Concrete Visions, intended to be displayed as it is shown here, features four sequential shots of a concrete yard filled with building blocks. Clockwise from the upper left, Holt approaches the motif. Aligning her shots with the edges of the blocks, Holt sees frames within frames. By arranging her photographs in sequences, and often as a grid, Holt offered multiple perspectives that comprise the whole work of art, rejecting the one-point perspective, customary to traditional art and art photography. In the bottom two shots, her camera tilts to the right, giving the composition an unsteady look and reminding us that the artist is moving. The framing of space, the passage of time, the remote location, and the industrial materials featured in this early series are ideas that would reach their full fruition in Holt's site-specific installations.
Here as in Concrete Visions (1967), frames within frames call attention to the act of selection. On her first trip out West in 1968 with Robert Smithson and Michael Heizer, the excitement of this new environment was so overpowering that Holt could not sleep for days. The small graves she photographed in Virginia City, Nevada, and Lone Pine, California were of particular interest to her. She later recalled that she was drawn to the graves because they captured "how people thought about space out West; their last desire was to delineate a little plot of their own because there was so much vastness." Delineating the grave and preserving it as a work of art, Holt's camera performs a similar action in her series, Western Graveyards, which includes the two works shown here. These earth-bound rectangles were part of the inspiration for Holt's approach to Land Art as a series of enclosures in the earth. Mimicking Minimalist sculpture (and perhaps specifically the work of Carl Andre), Western Graveyards turns graves into sculptures. Imagine these as gallery installation shots, with the sky standing in for the ceiling and the earth as the floor.

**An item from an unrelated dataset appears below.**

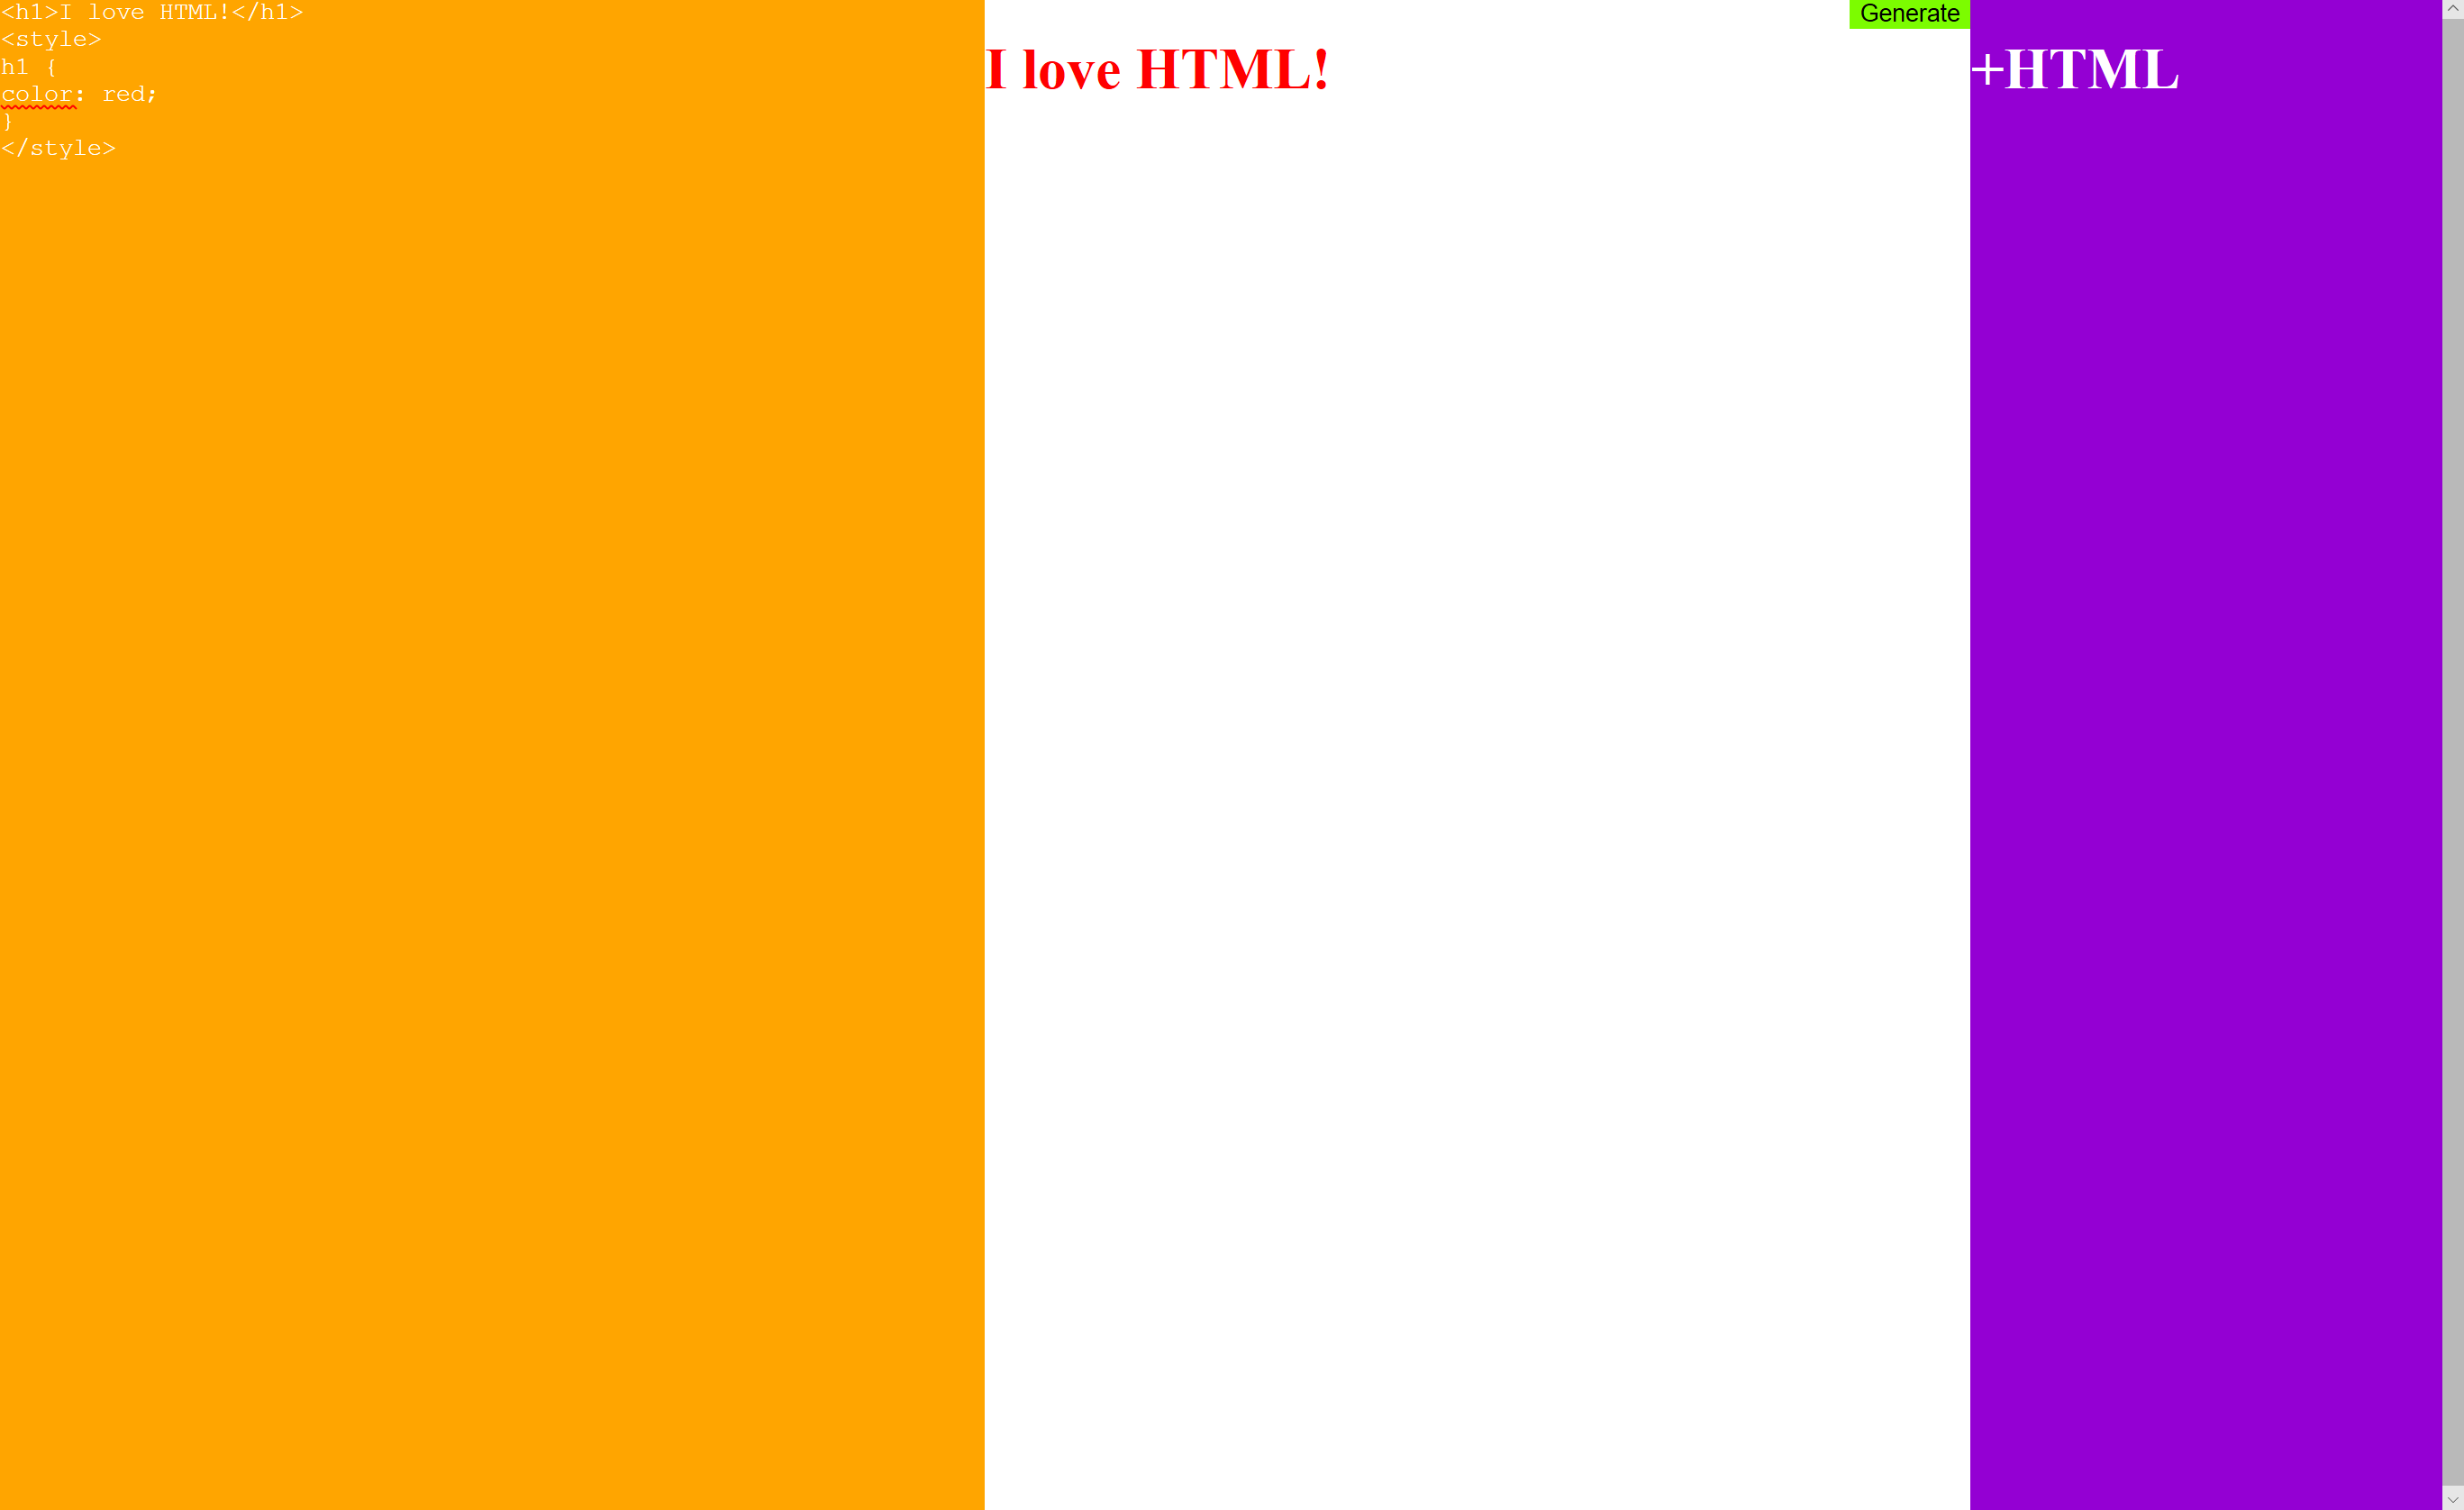 +HTML

Missoula Ranch Locators: Vision Encompassed was an interactive sculptural installation designed to restrict the viewer's experience of a vast, open space. Commissioned in 1971 and begun in Holt's New York studio, the work was comprised of eight viewfinders ranging from one and one-half to two inches in diameter and distributed across a wide field in Missoula, Montana. Each viewfinder (Holt referred to it as a "locator") was made of two steel pipes welded together in a t-formation, and positioned at eye level so the viewer could look through the upper pipe. Set in compass directions aligned with the North Star, the locators limited the view so that each individual stationed at the locator could only see what was inside a tiny circle of faraway land. In doing so, Holt forces the viewer to focus on specific objects, phenomena, or views, including those of other locators around them. Unable to gauge the distance between oneself and the distant view made viewers feel more connected to each other and the land.
Three years later, the work was dismantled by a subsequent owner of the land. In 2012, Holt recreated the project on the campus of the University of Avignon in France, where it is now a permanent installation.